Your assignment =
Starting at the line that contains "Offer a Confident" and ending at the line that contains "The Plex logo over a colorful background.", the lines below are to be given again exactly, with nothing added.

*** Input for this task Section Begins ***

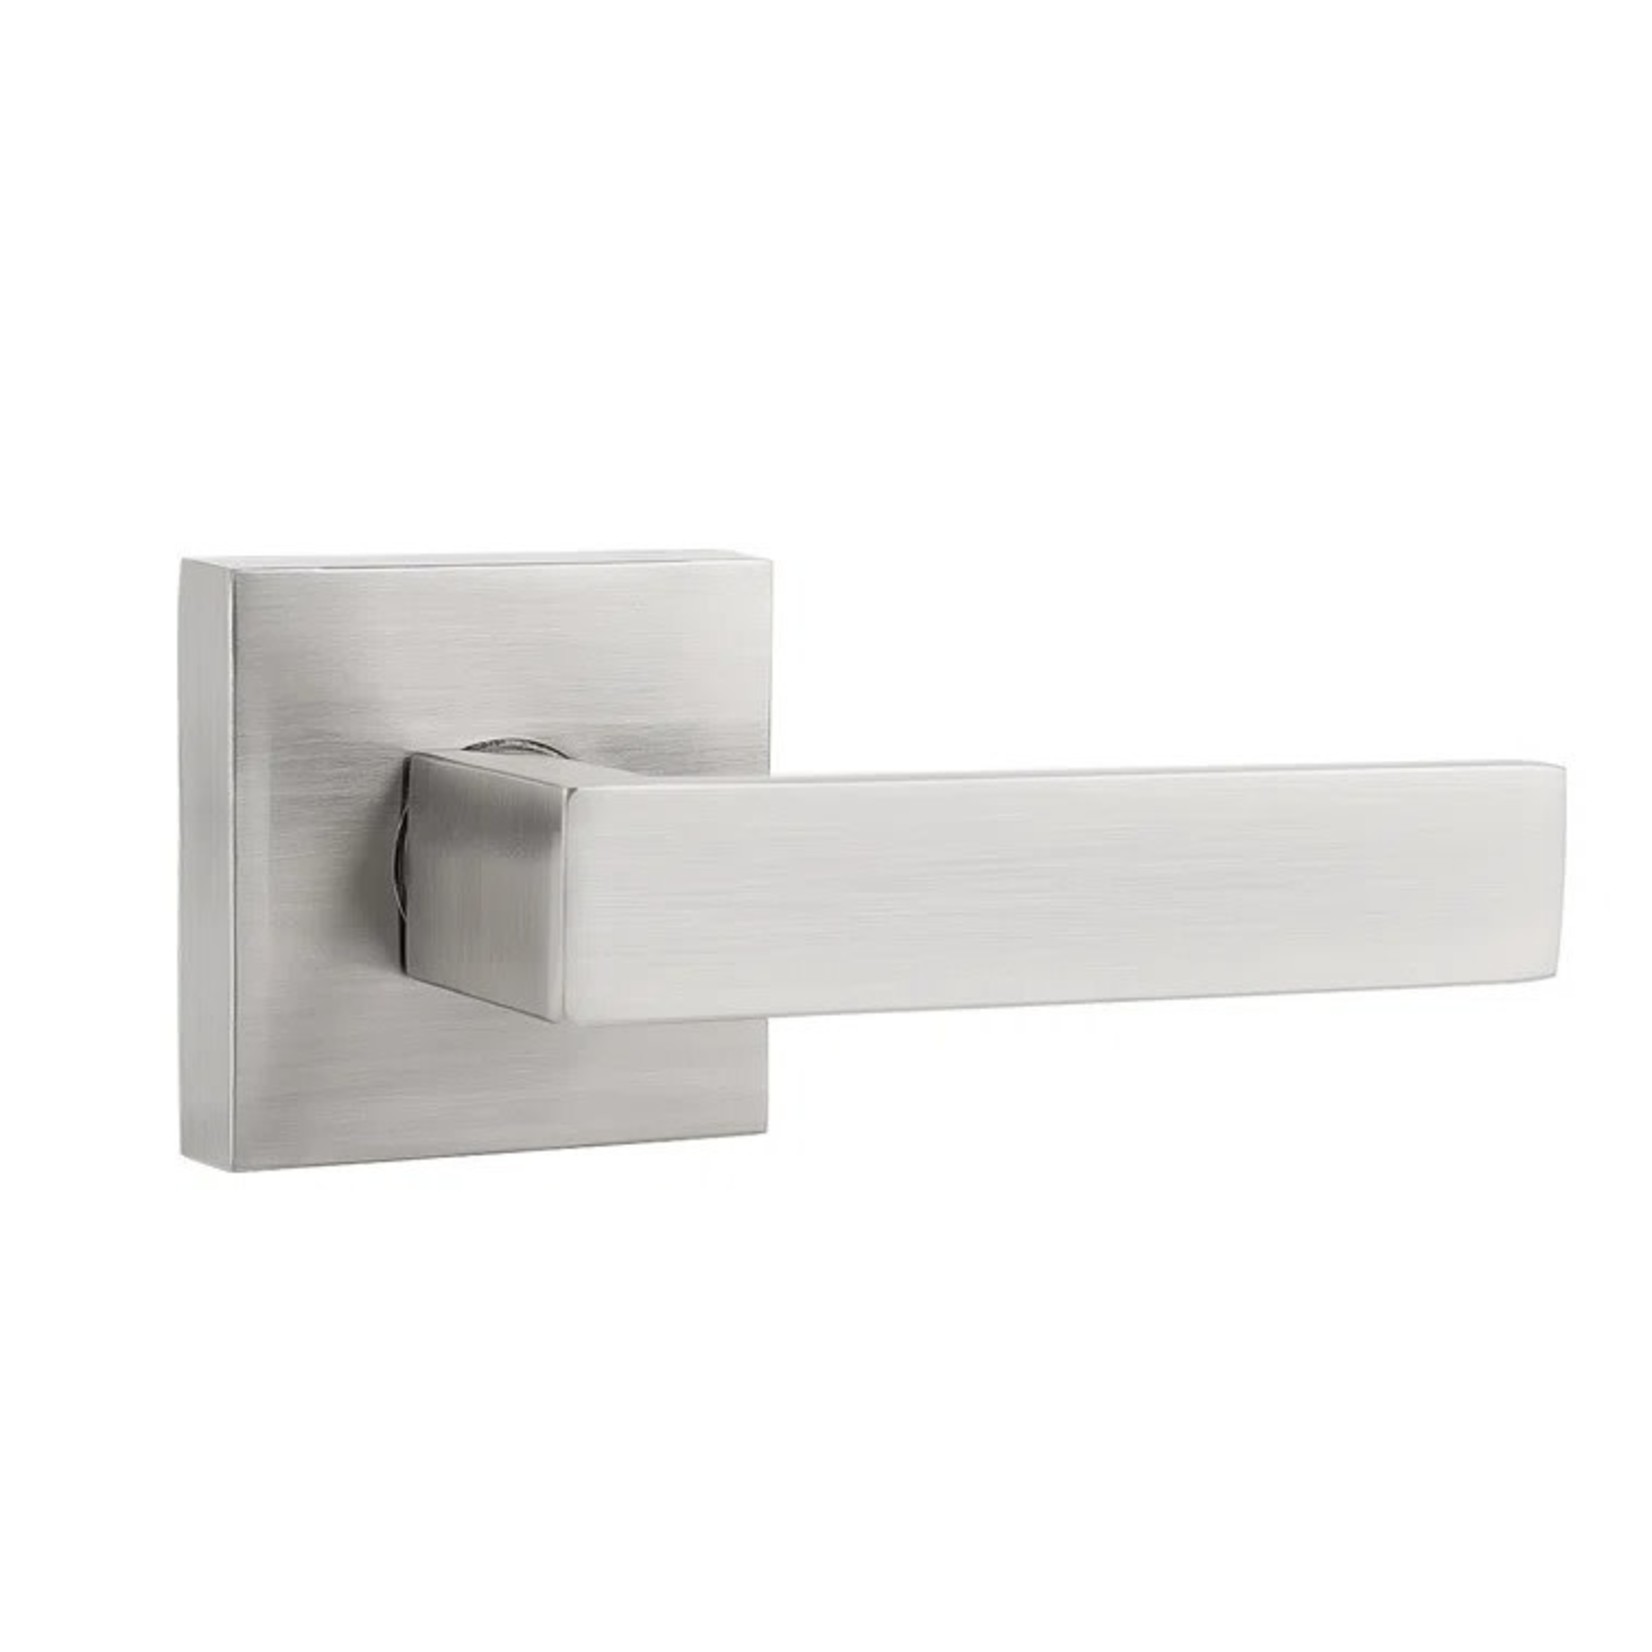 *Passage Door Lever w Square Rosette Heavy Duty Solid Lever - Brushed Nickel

*** Input for this task Section Ends ***
*** Input for this task Section Begins ***

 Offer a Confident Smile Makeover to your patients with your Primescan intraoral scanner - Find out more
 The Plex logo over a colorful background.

*** Input for this task Section Ends ***

Written solution =
 Offer a Confident Smile Makeover to your patients with your Primescan intraoral scanner - Find out more
 The Plex logo over a colorful background.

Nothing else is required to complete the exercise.